How to generate a UUIDv4 in MySQL?
Solution 1
I've spent quite some time looking for a solution and came up with the following mysql function that generates a random UUID (i.e. UUIDv4) using standard MySQL functions. I'm answering my own question to share that in the hope that it'll be useful.
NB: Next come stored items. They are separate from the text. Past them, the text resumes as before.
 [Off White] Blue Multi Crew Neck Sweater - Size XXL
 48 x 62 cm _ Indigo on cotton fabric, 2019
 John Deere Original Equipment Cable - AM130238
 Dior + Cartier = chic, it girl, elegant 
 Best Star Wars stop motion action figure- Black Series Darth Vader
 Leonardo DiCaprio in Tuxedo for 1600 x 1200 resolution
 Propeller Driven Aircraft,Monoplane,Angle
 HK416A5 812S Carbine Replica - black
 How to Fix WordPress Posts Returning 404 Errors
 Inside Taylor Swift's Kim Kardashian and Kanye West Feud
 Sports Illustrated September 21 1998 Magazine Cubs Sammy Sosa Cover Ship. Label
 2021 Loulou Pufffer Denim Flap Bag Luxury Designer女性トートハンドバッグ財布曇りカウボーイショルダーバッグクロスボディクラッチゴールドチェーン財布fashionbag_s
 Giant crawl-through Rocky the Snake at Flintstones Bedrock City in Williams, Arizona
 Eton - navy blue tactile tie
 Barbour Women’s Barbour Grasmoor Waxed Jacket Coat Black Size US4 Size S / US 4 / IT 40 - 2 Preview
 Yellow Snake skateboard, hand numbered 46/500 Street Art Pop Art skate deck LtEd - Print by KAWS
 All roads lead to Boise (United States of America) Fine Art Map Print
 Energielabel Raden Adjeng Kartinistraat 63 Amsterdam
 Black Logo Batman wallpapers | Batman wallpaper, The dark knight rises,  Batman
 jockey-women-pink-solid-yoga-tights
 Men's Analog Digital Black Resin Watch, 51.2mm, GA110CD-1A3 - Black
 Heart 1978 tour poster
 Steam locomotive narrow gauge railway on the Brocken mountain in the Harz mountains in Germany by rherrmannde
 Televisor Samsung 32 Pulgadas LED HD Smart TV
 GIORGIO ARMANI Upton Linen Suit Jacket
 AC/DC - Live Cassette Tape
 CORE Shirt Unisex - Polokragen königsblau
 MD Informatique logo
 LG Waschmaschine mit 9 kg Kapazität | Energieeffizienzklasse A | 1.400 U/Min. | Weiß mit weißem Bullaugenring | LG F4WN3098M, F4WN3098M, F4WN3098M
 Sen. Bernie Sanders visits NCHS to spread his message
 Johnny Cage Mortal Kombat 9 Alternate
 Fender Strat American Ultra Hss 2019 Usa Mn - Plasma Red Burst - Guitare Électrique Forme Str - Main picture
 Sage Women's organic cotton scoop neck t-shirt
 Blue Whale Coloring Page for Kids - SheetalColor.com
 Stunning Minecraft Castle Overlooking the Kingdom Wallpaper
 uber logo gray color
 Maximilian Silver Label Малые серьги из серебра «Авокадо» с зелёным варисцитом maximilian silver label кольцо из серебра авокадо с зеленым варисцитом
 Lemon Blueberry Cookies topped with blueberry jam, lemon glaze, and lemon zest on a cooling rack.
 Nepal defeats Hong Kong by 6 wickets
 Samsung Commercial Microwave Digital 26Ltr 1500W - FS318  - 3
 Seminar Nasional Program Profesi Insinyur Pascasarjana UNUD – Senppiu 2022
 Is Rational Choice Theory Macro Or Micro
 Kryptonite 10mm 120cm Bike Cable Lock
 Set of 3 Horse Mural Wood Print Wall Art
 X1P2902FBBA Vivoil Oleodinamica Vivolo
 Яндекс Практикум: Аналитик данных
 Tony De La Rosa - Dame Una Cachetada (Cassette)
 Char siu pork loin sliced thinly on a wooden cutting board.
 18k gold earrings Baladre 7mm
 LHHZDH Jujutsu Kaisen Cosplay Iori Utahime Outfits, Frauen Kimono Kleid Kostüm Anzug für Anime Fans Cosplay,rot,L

-- Change delimiter so that the function body doesn't end the function declaration
DELIMITER //
CREATE FUNCTION uuid_v4()
RETURNS CHAR(36) NO SQL
BEGIN
-- Generate 8 2-byte strings that we will combine into a UUIDv4
SET @h1 = LPAD(HEX(FLOOR(RAND() * 0xffff)), 4, '0');
SET @h2 = LPAD(HEX(FLOOR(RAND() * 0xffff)), 4, '0');
SET @h3 = LPAD(HEX(FLOOR(RAND() * 0xffff)), 4, '0');
SET @h6 = LPAD(HEX(FLOOR(RAND() * 0xffff)), 4, '0');
SET @h7 = LPAD(HEX(FLOOR(RAND() * 0xffff)), 4, '0');
SET @h8 = LPAD(HEX(FLOOR(RAND() * 0xffff)), 4, '0');
-- 4th section will start with a 4 indicating the version
SET @h4 = CONCAT('4', LPAD(HEX(FLOOR(RAND() * 0x0fff)), 3, '0'));
-- 5th section first half-byte can only be 8, 9 A or B
SET @h5 = CONCAT(HEX(FLOOR(RAND() * 4 + 8)),
LPAD(HEX(FLOOR(RAND() * 0x0fff)), 3, '0'));
-- Build the complete UUID
RETURN LOWER(CONCAT(
@h1, @h2, '-', @h3, '-', @h4, '-', @h5, '-', @h6, @h7, @h8
));
END
//
-- Switch back the delimiter
DELIMITER ;
Note: The pseudo-random number generation used (MySQL's RAND
) is not
cryptographically secure and thus has some bias which can increase the collision
risk.
Solution 2
In the off chance you're working with a DB and don't have perms to create functions, here's the same version as above that works just as a SQL expression:
SELECT LOWER(CONCAT(
LPAD(HEX(FLOOR(RAND() * 0xffff)), 4, '0'),
LPAD(HEX(FLOOR(RAND() * 0xffff)), 4, '0'), '-',
LPAD(HEX(FLOOR(RAND() * 0xffff)), 4, '0'), '-',
'4',
LPAD(HEX(FLOOR(RAND() * 0x0fff)), 3, '0'), '-',
HEX(FLOOR(RAND() * 4 + 8)),
LPAD(HEX(FLOOR(RAND() * 0x0fff)), 3, '0'), '-',
LPAD(HEX(FLOOR(RAND() * 0xffff)), 4, '0'),
LPAD(HEX(FLOOR(RAND() * 0xffff)), 4, '0'),
LPAD(HEX(FLOOR(RAND() * 0xffff)), 4, '0')));
Solution 3
Both existing answers relies on MySQL RAND()
function:
RAND() is not meant to be a perfect random generator. It is a fast way to generate random numbers on demand that is portable between platforms for the same MySQL version.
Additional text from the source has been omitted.